> _What you have to do_:
This calls for a verbatim copy of all the data, with no images carried over.

> _Recorded data_:
____________________
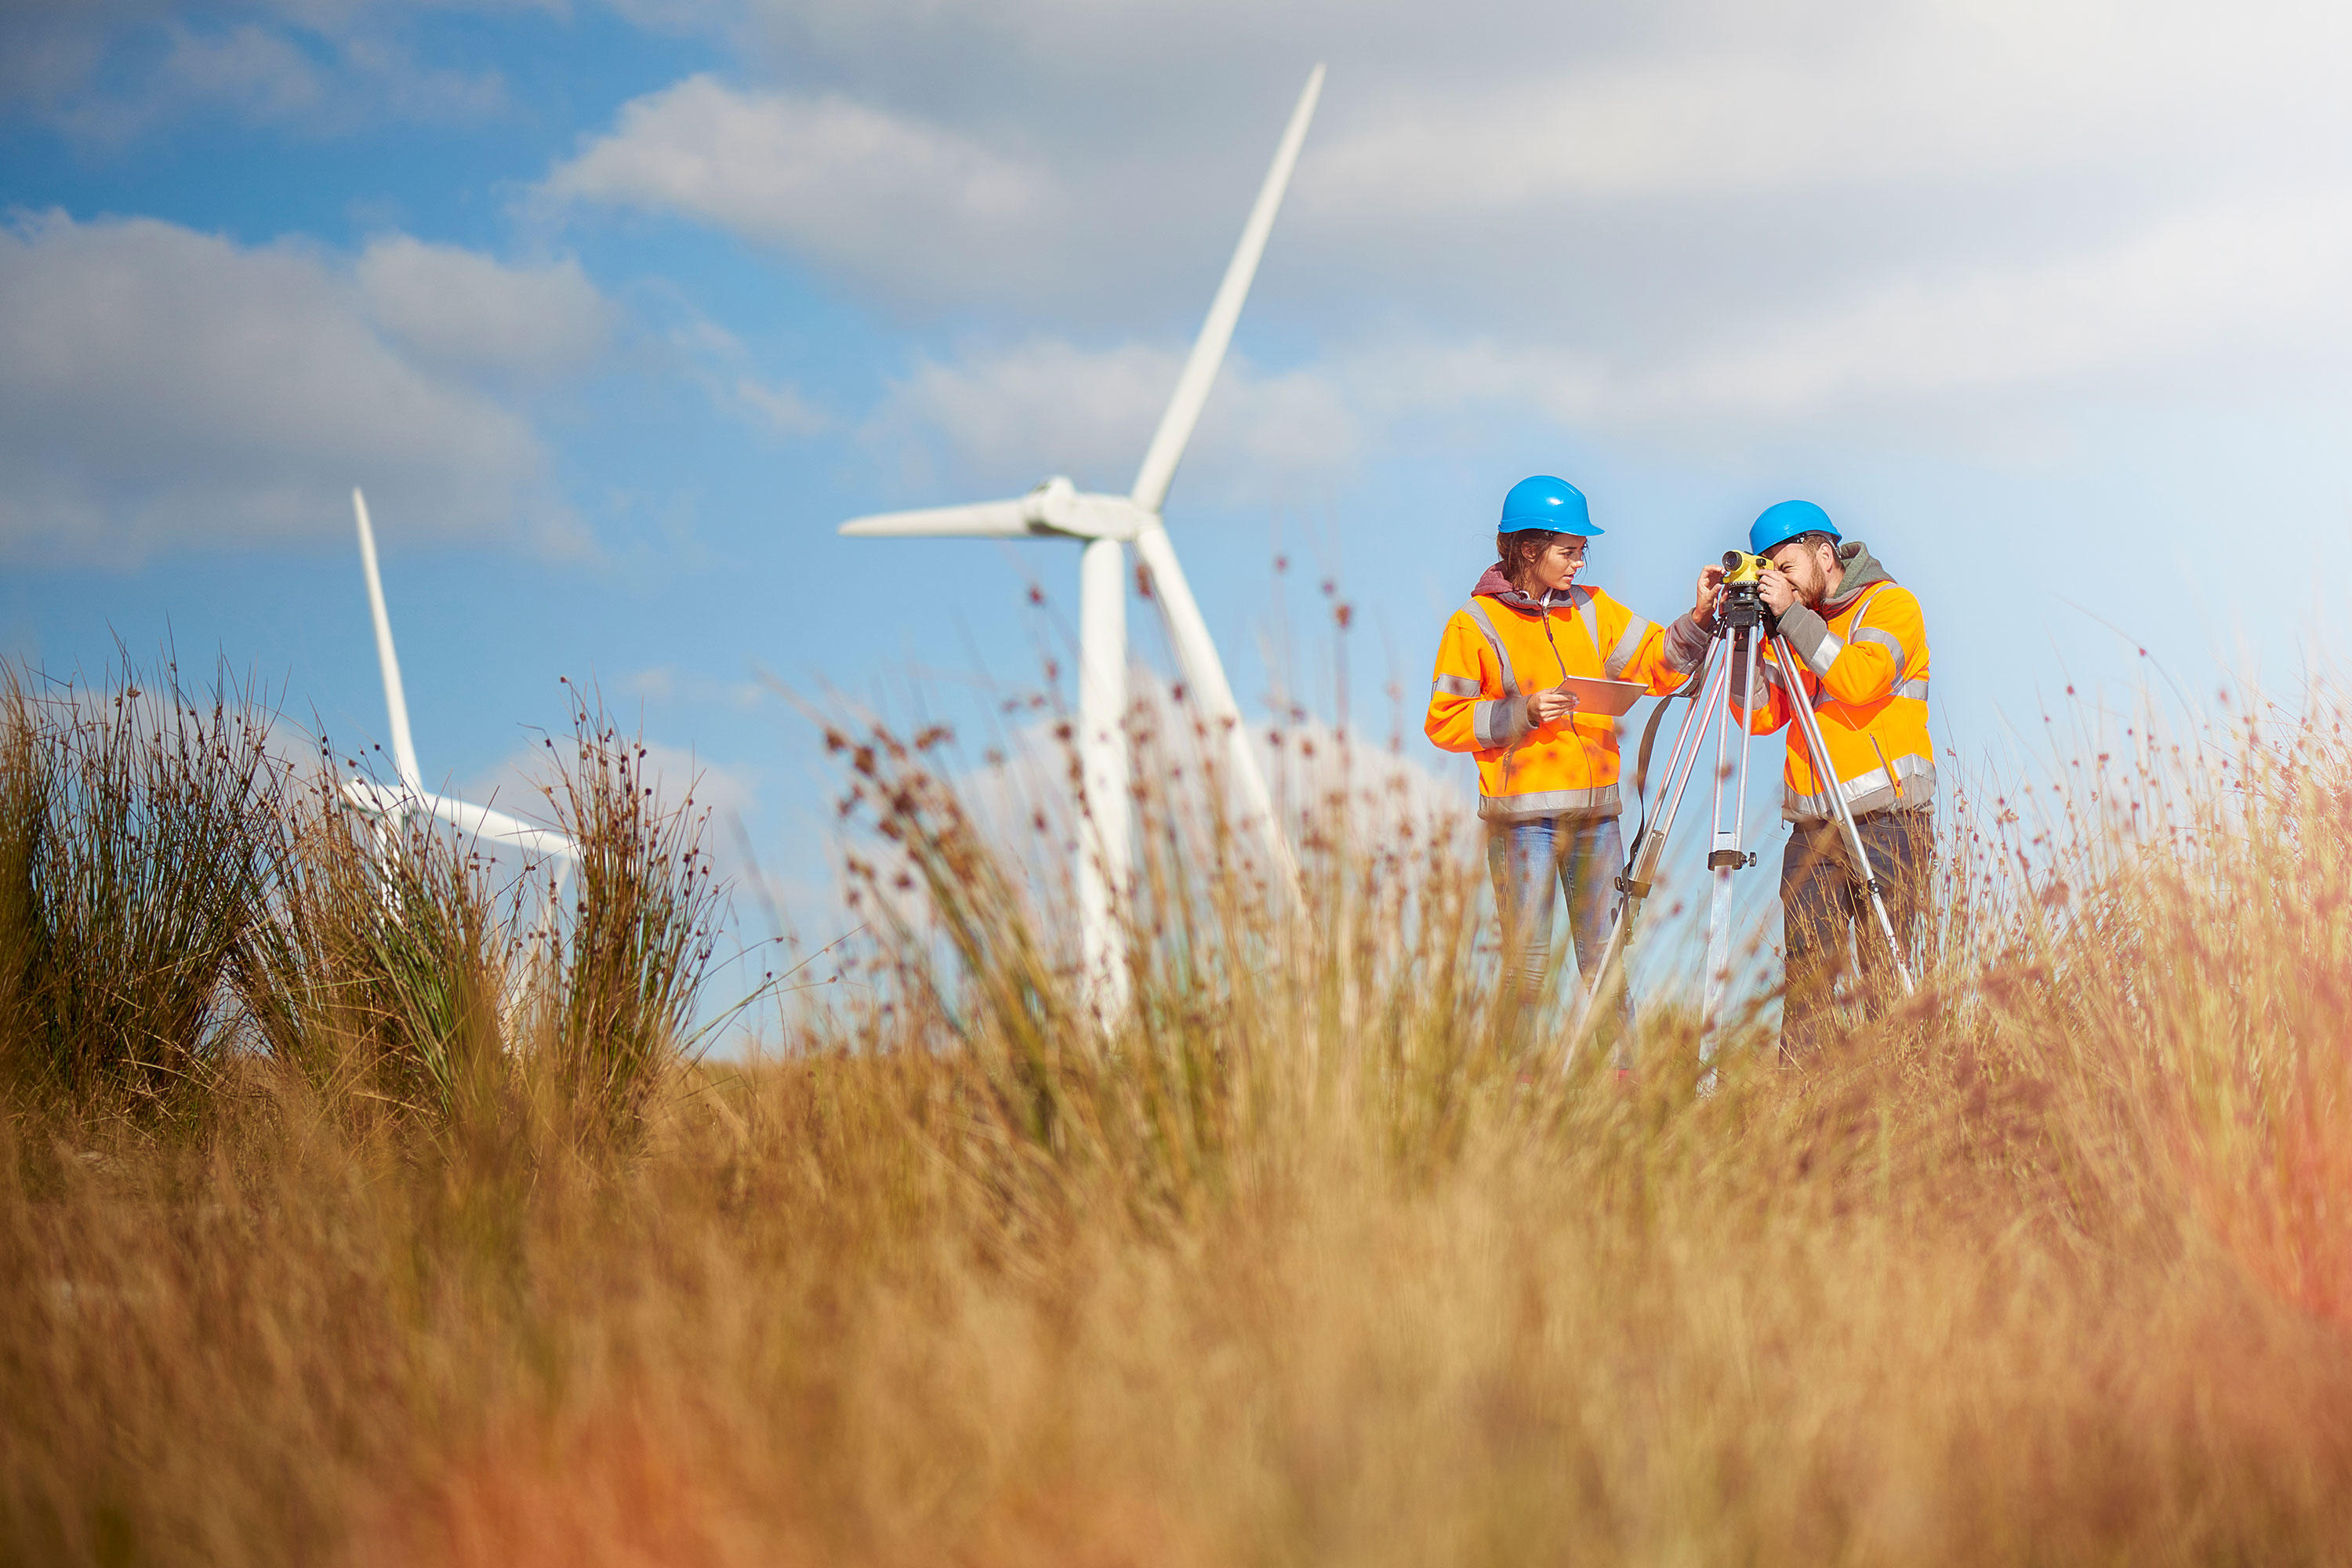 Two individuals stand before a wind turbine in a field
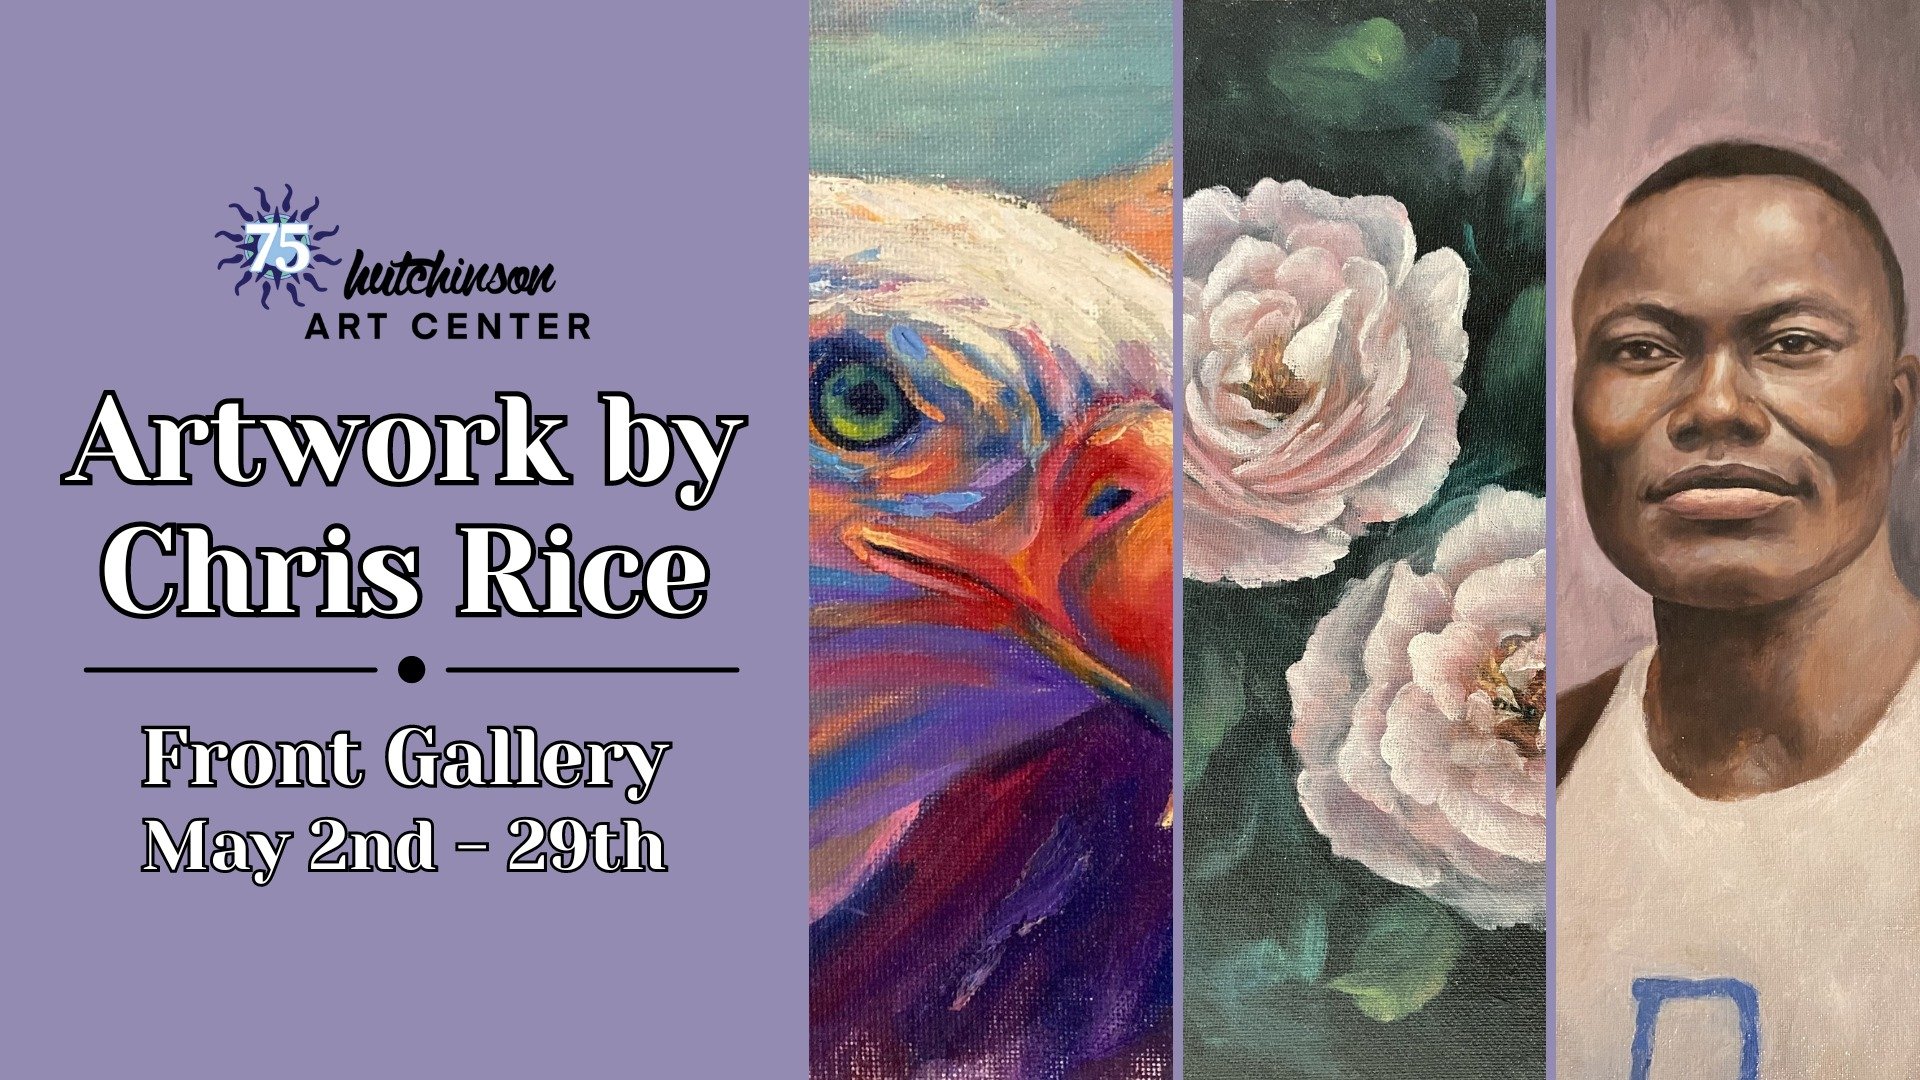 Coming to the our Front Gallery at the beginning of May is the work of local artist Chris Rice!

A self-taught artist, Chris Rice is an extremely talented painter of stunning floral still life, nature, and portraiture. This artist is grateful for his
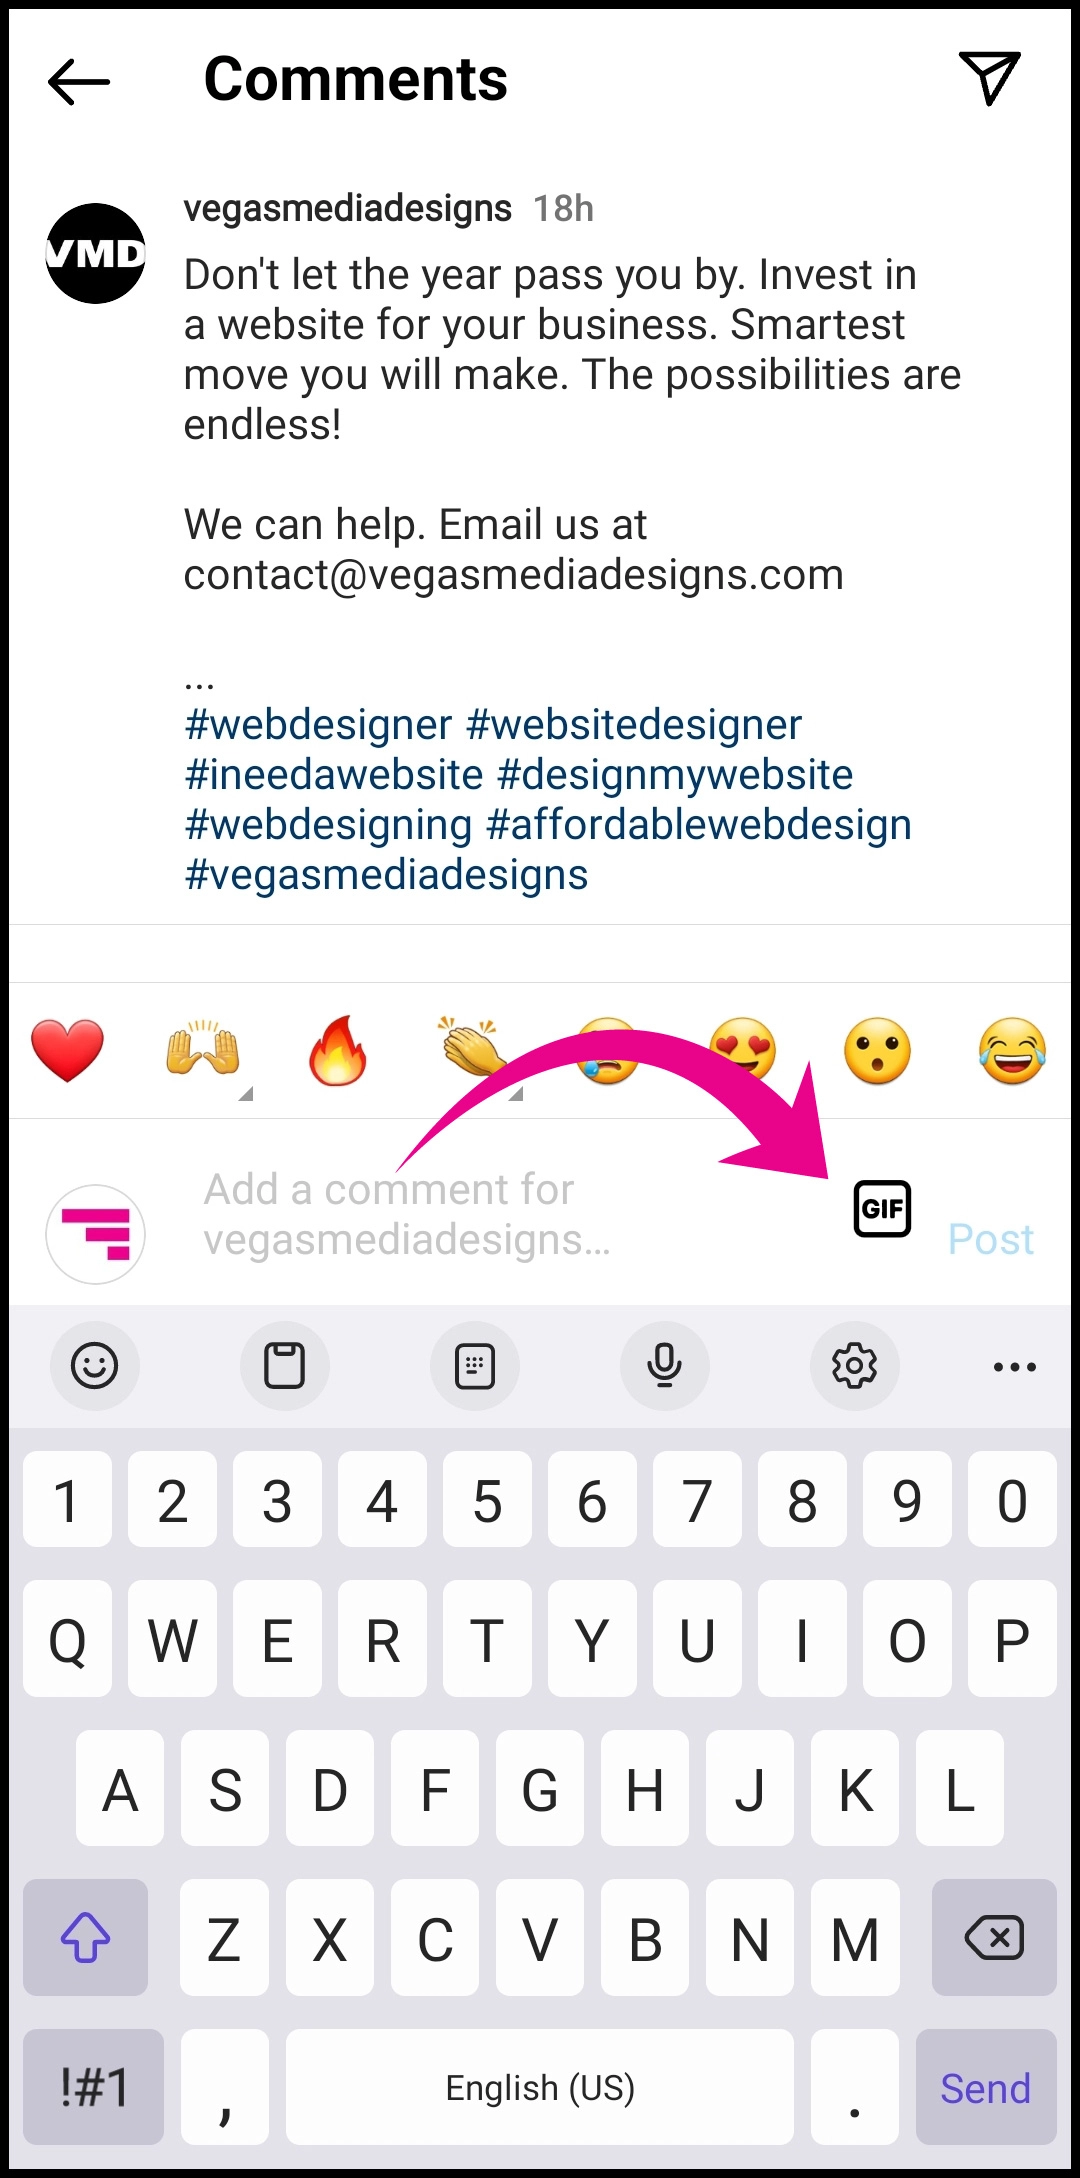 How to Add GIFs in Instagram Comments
____________________
> _Output of the task_:
 Two individuals stand before a wind turbine in a field
 Coming to the our Front Gallery at the beginning of May is the work of local artist Chris Rice!

A self-taught artist, Chris Rice is an extremely talented painter of stunning floral still life, nature, and portraiture. This artist is grateful for his
 How to Add GIFs in Instagram Comments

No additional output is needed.